Given 1->1->1->2->3, return 2->3.
题意:
给出一个链表,删除所有重复的结点。
步骤:
(1)定义一个新的头结点,用来指向head,并将head向前移动一位。
1 -> 1 -> 1 -> 2 -> 3
变为 head -> 1 -> 1 -> 1 -> 2 -> 3
(2)遍历各结点,每次比较两个结点,head.next和head.next.next.
1. 如果head.next.val == head.next.next.val, 两个结点的值相等,用temp记录这个值,
从next开始依次遍历删除每个值为temp的结点,head.next = head.next.next.
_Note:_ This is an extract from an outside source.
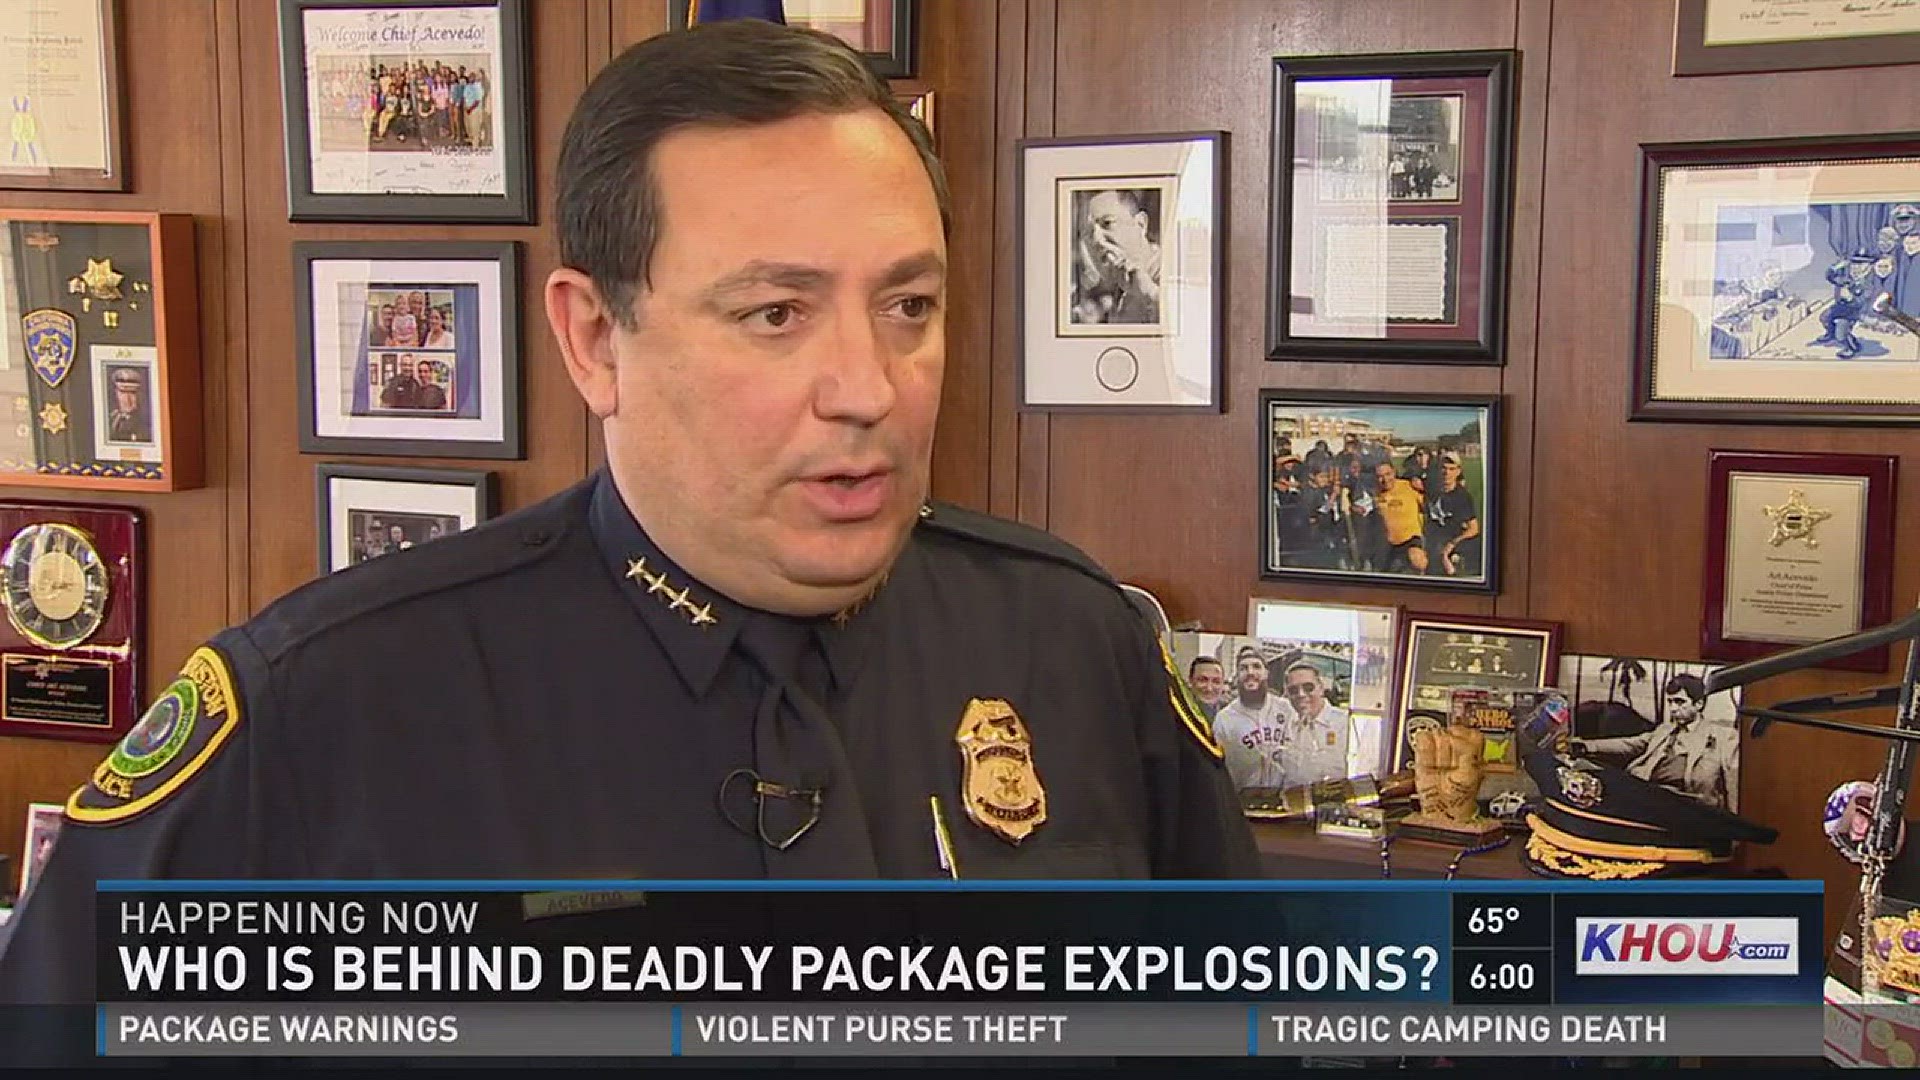 Houston Police Chief Art Acevedo is warning residents in our area to be vigilant after three packages left on door steps in Austin exploded and killed two people.

2. 如果next和next.next的值不相等,继续向后遍历,head =head.next;
/**
* Definition for singly-linked list.
* public class ListNode {
* int val;
* ListNode next;
* ListNode(int x) { val = x; }
* }
*/
public class Solution {
public ListNode deleteDuplicates(ListNode head) {
if(head == null) return null; ListNode dummy = new ListNode(0);
dummy.next = head;
head = dummy; while(head.next != null && head.next.next != null){
if(head.next.val == head.next.next.val){
int temp = head.next.val;
while(head.next != null && head.next.val == temp){
head.next = head.next.next;
}
}else{
head = head.next;
}
}
return dummy.next; }
}